# What this task involves
Please return every line of the material verbatim and skip any images.

# Stored data

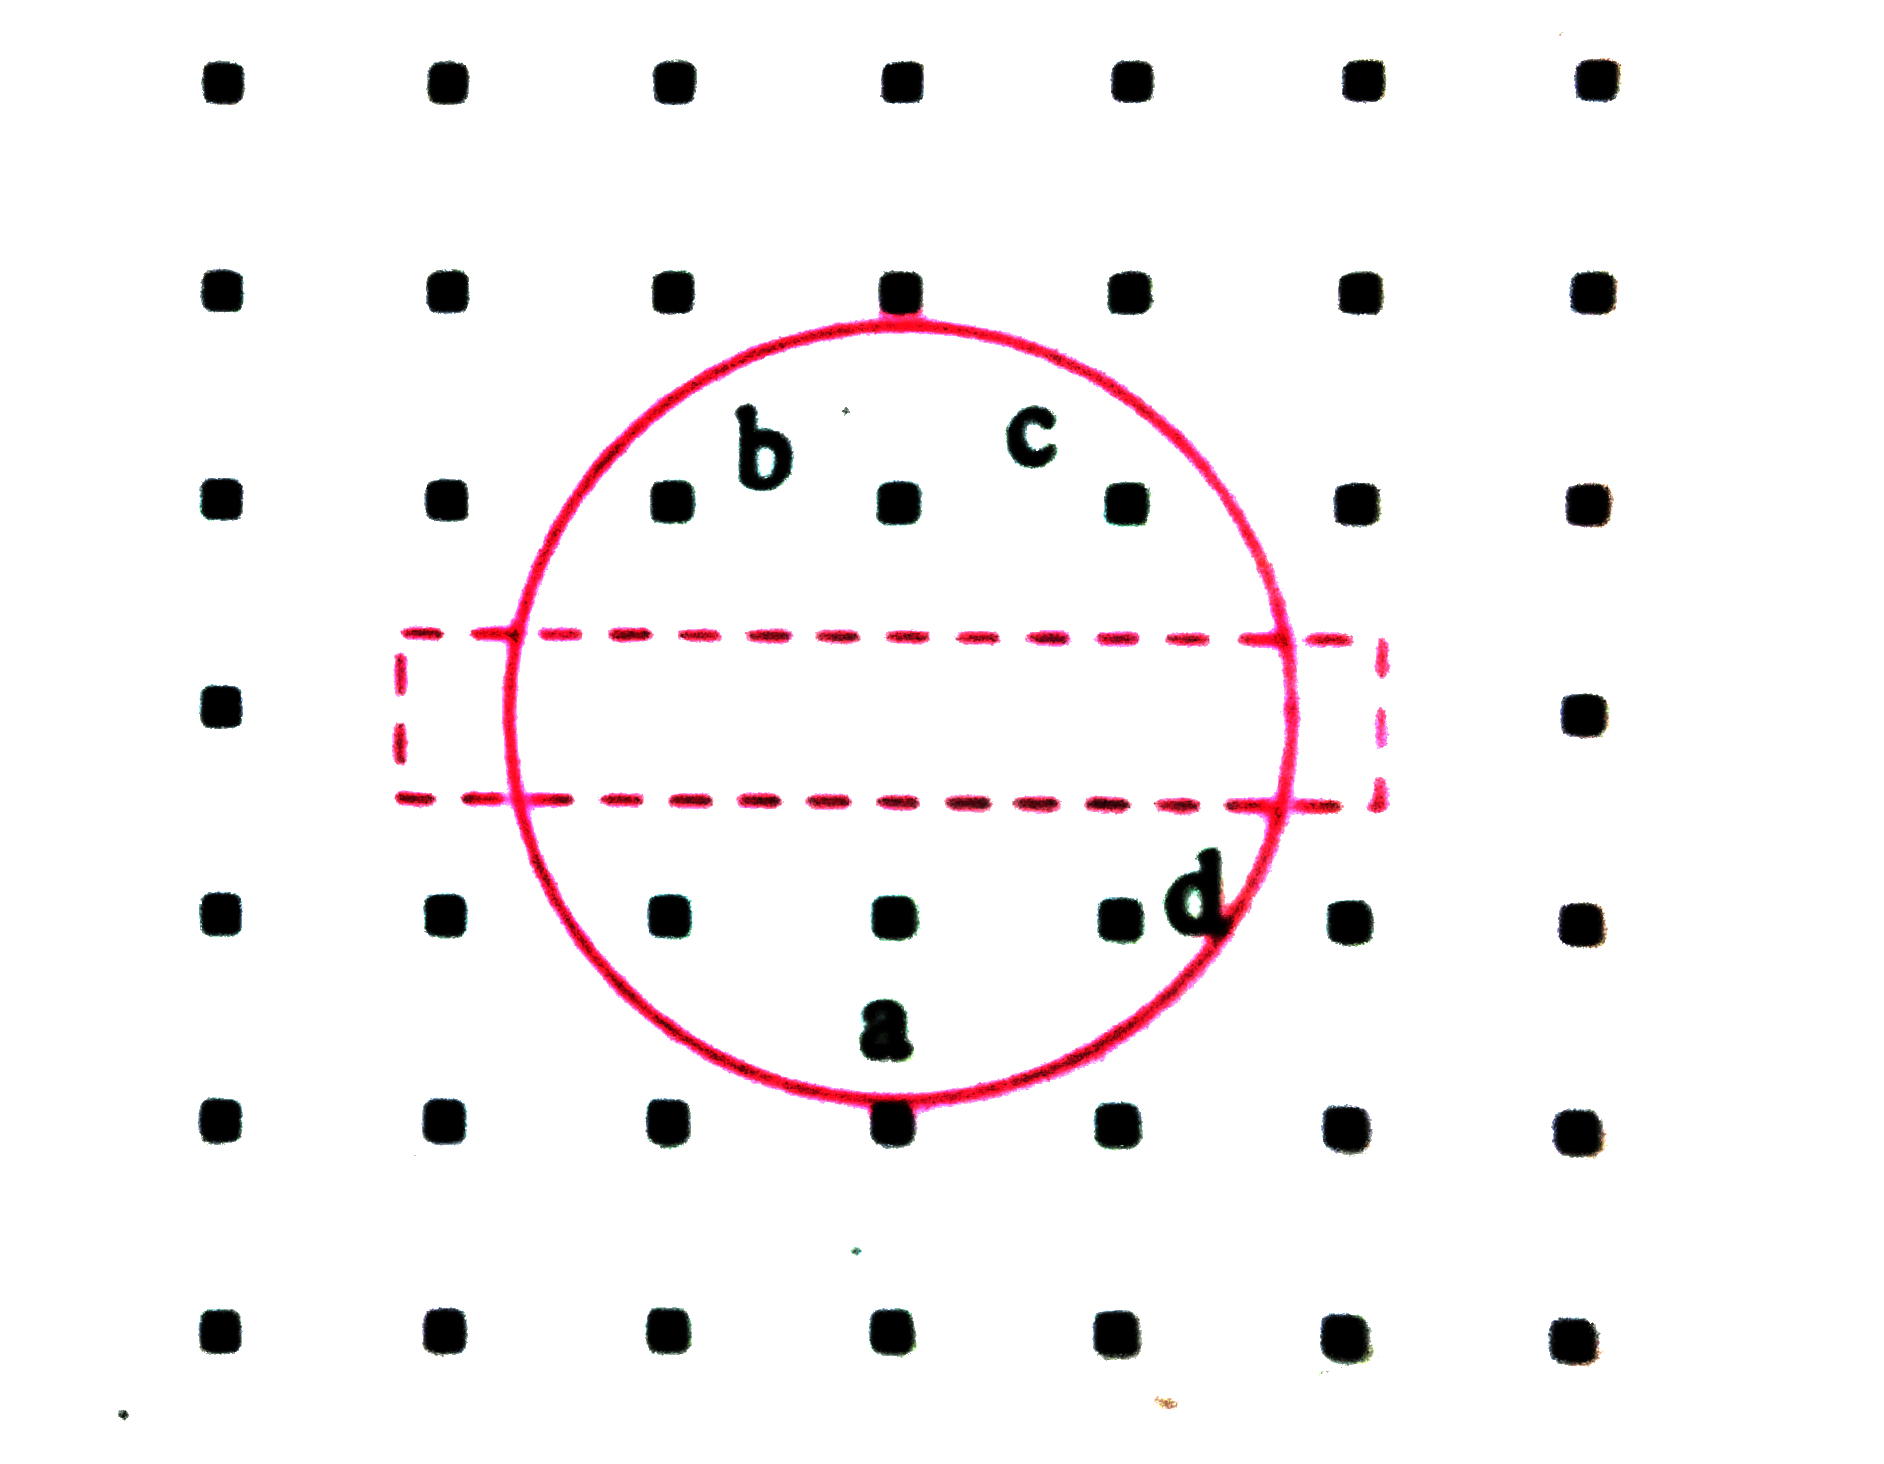 चित्र में एक वृतीय लूप प्रदर्शित किया गया है । यदि उसे एक संकीर्ण  तार में परिवर्तित  किया जाये तो बताइये प्रेरित धारा  की दिशा  क्या होगी ? यदि चुम्बकीय क्षेत्र  कागज के तल  के लंबवत ऊपर की ओर कार्य करे । ( चुम्बकीय क्षेत्र  को बिन्दूदार रेखा से प्रदर्शित किया गया है ।)
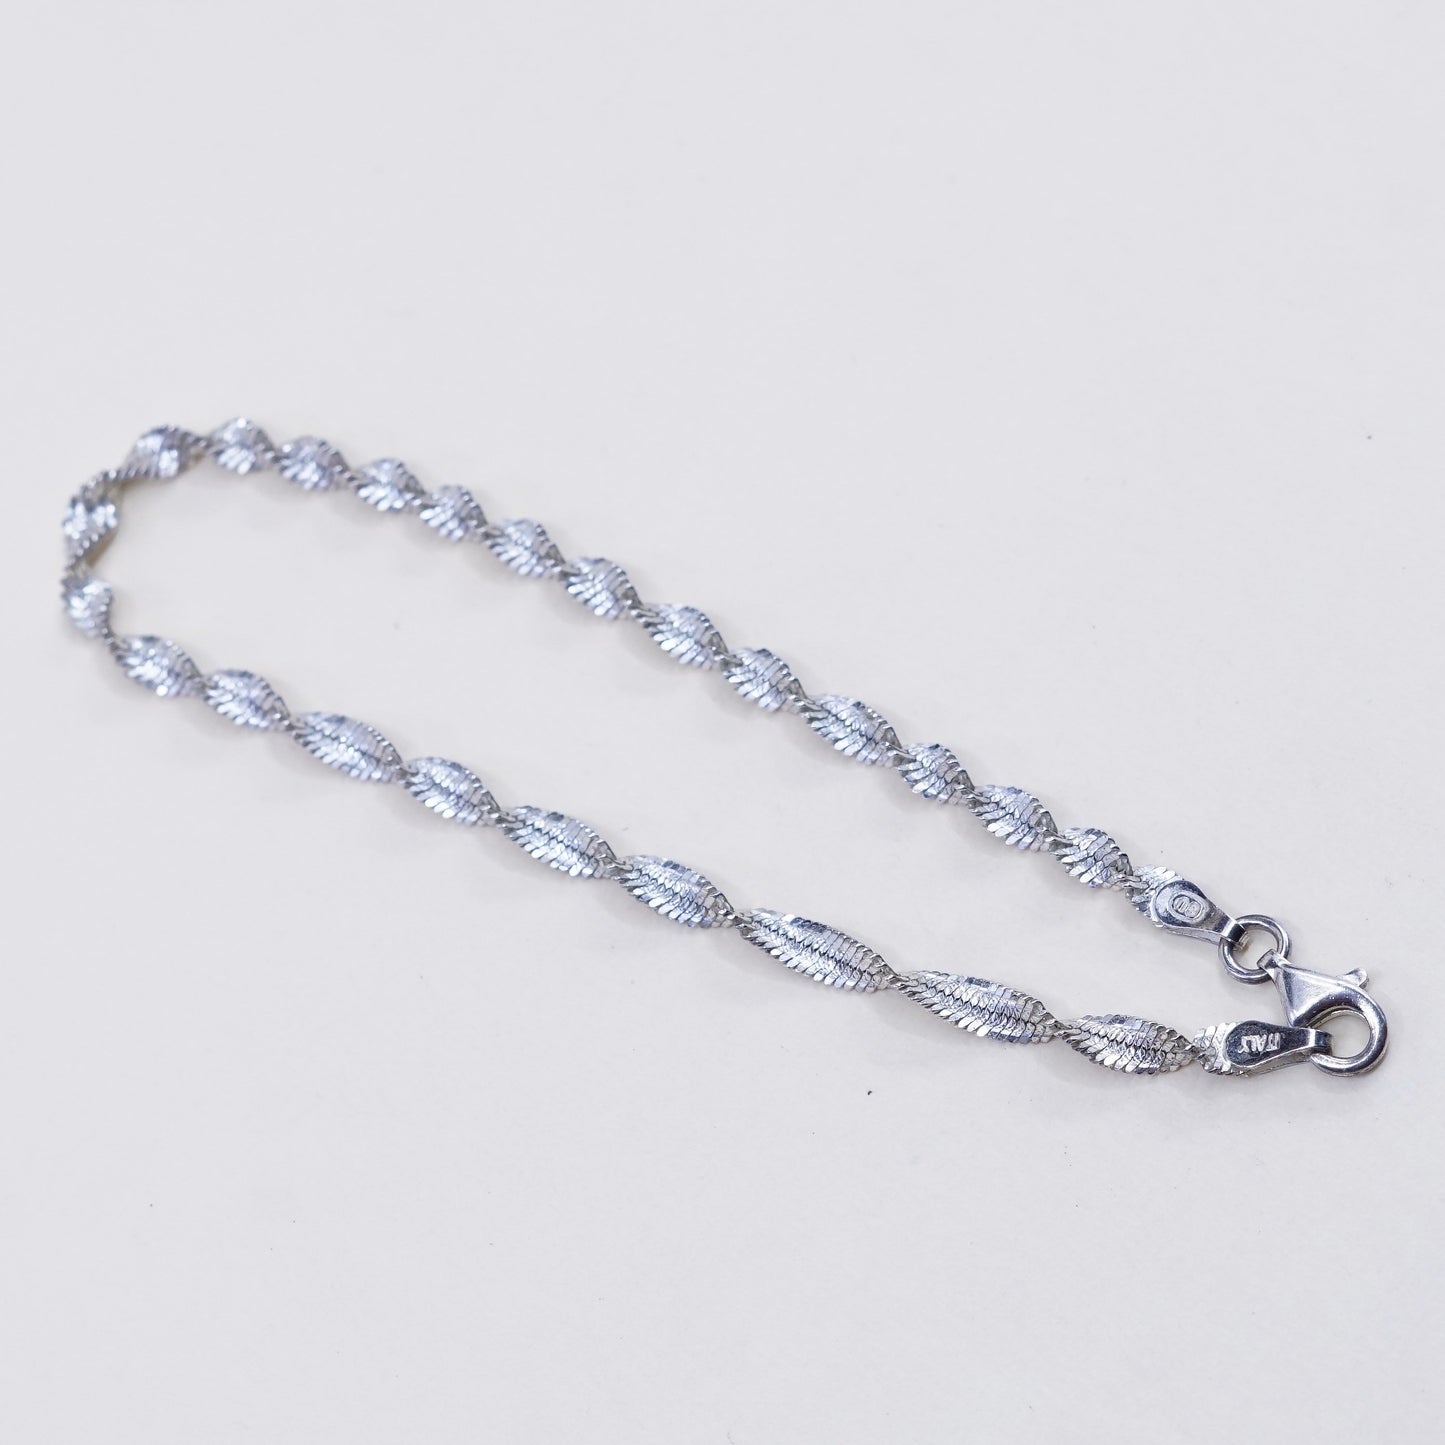 7”, 4mm, Vintage sterling silver bracelet, 925 twisted herringbone chain
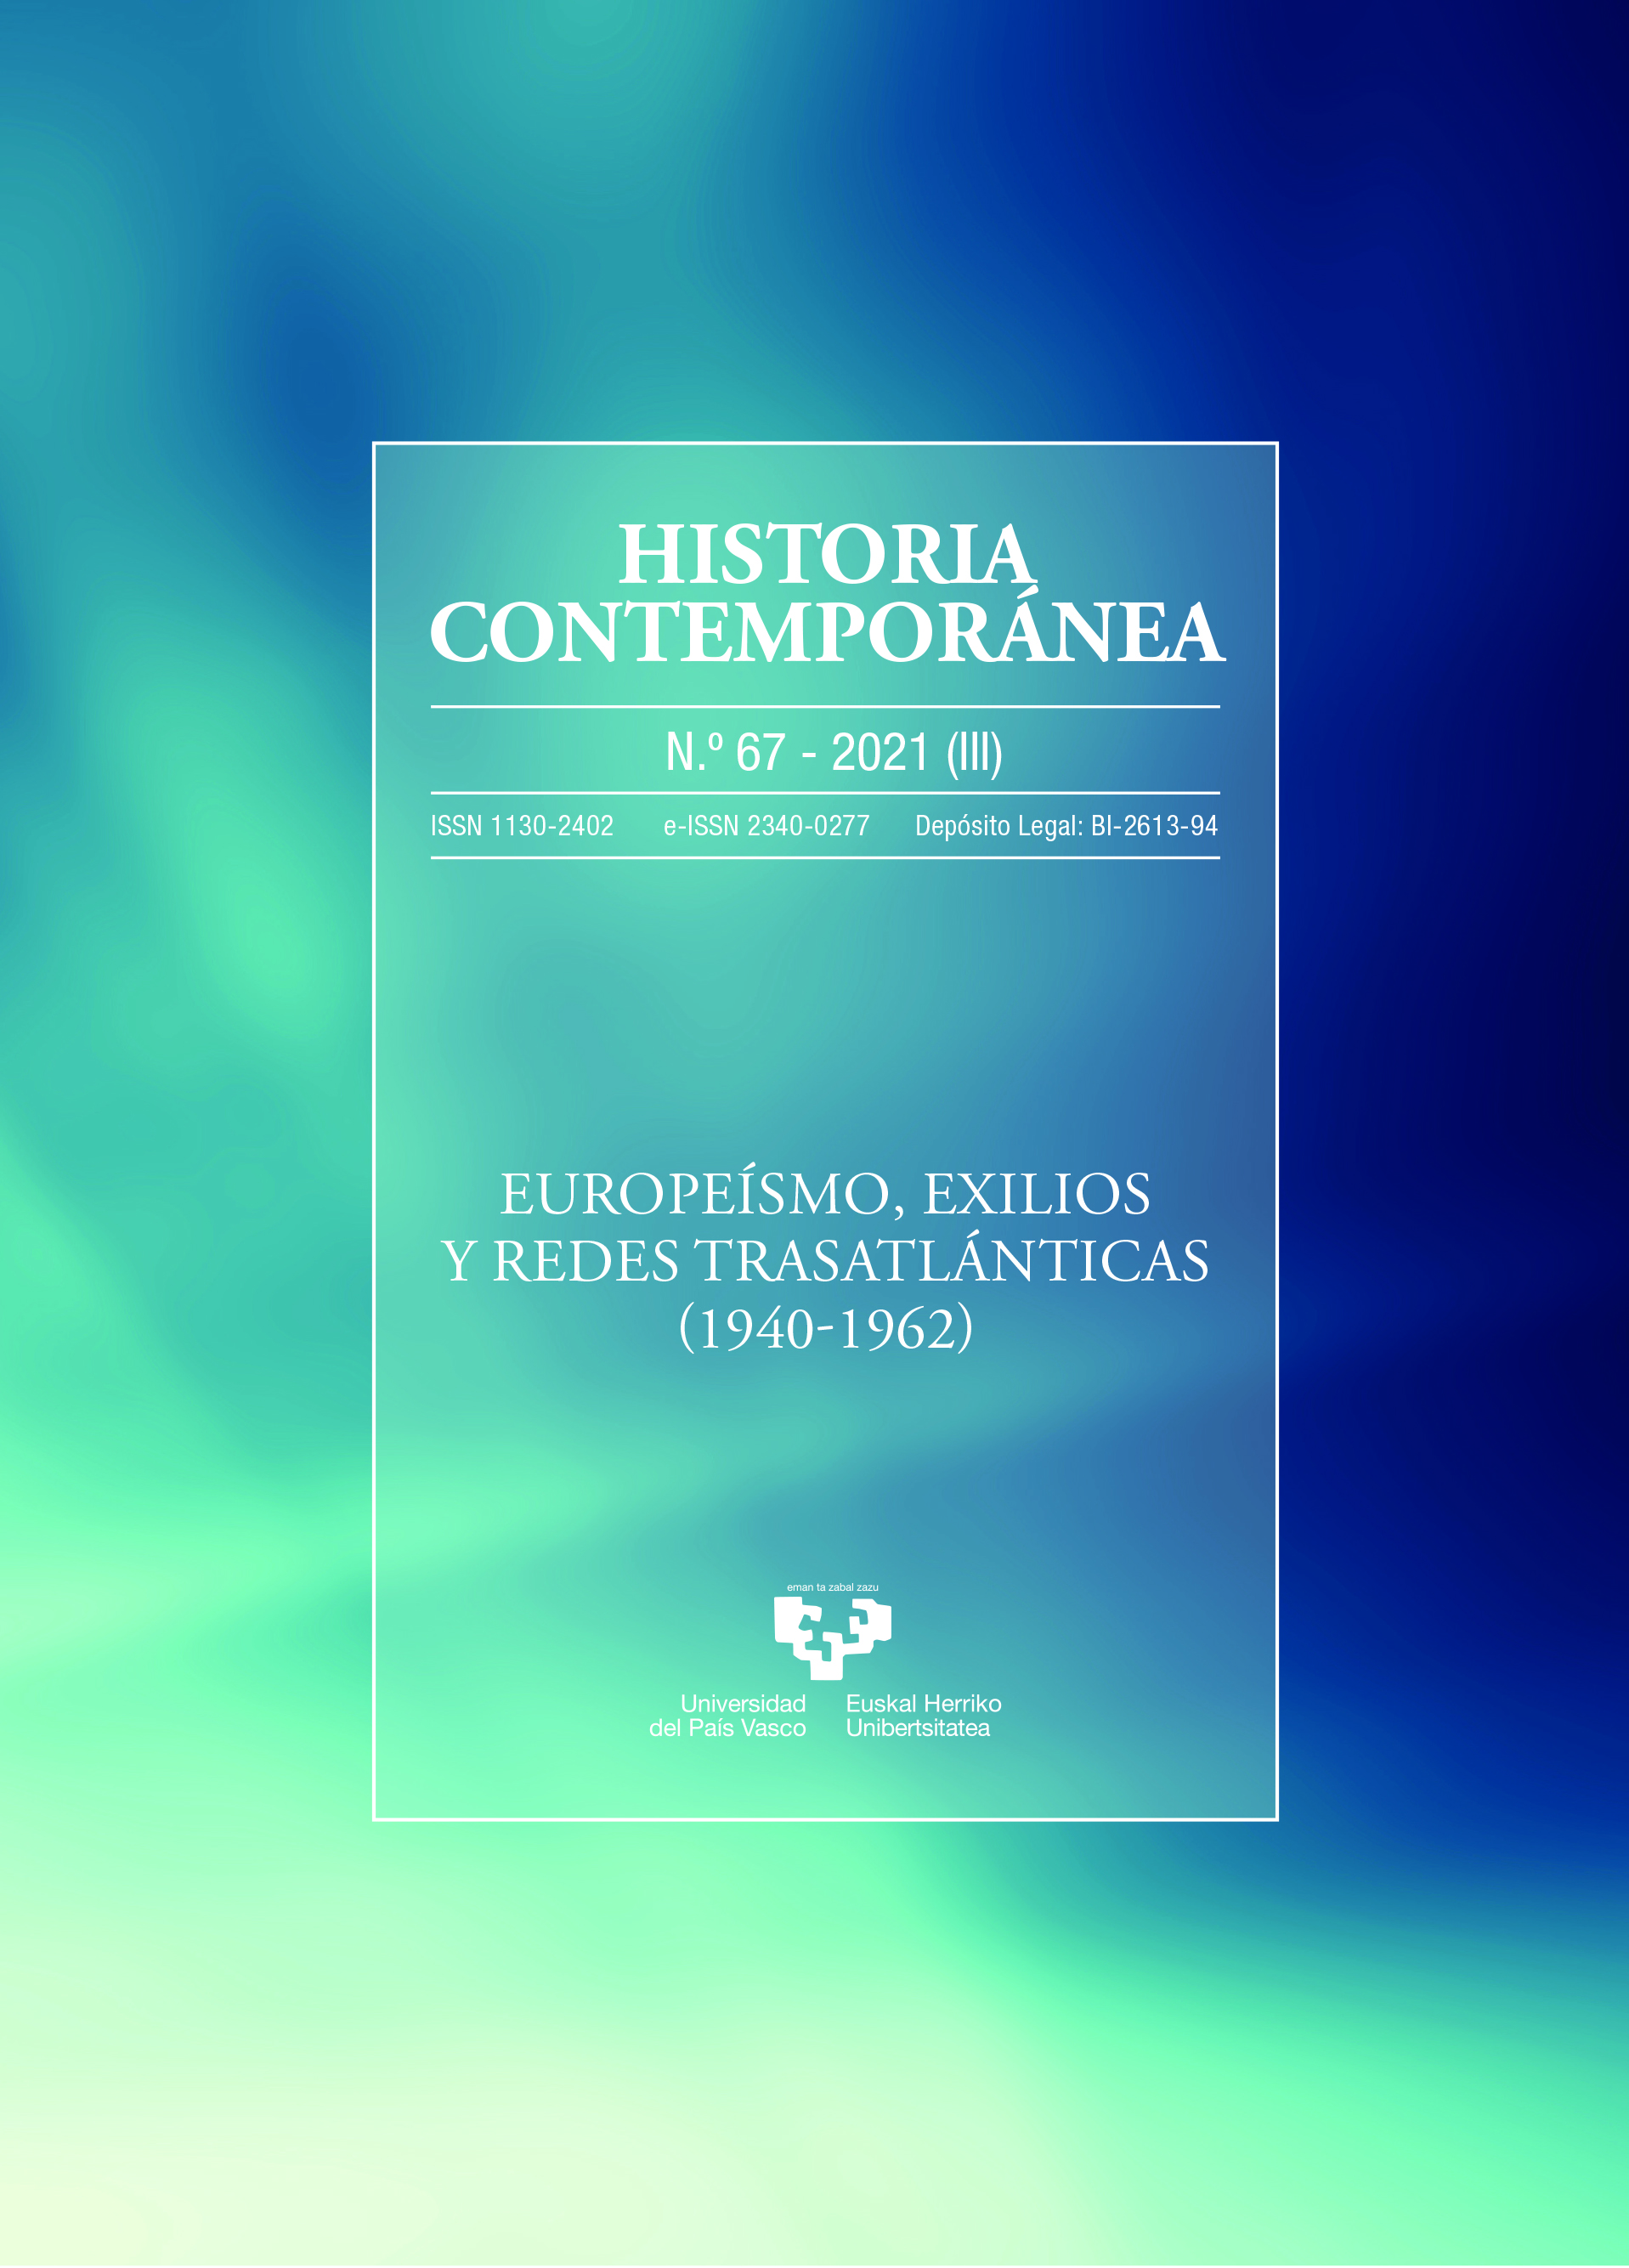 Europeísmo, exilios y redes transatlánticas (1940-1962)

# Response to this task
 चित्र में एक वृतीय लूप प्रदर्शित किया गया है । यदि उसे एक संकीर्ण  तार में परिवर्तित  किया जाये तो बताइये प्रेरित धारा  की दिशा  क्या होगी ? यदि चुम्बकीय क्षेत्र  कागज के तल  के लंबवत ऊपर की ओर कार्य करे । ( चुम्बकीय क्षेत्र  को बिन्दूदार रेखा से प्रदर्शित किया गया है ।)
 7”, 4mm, Vintage sterling silver bracelet, 925 twisted herringbone chain
 Europeísmo, exilios y redes transatlánticas (1940-1962)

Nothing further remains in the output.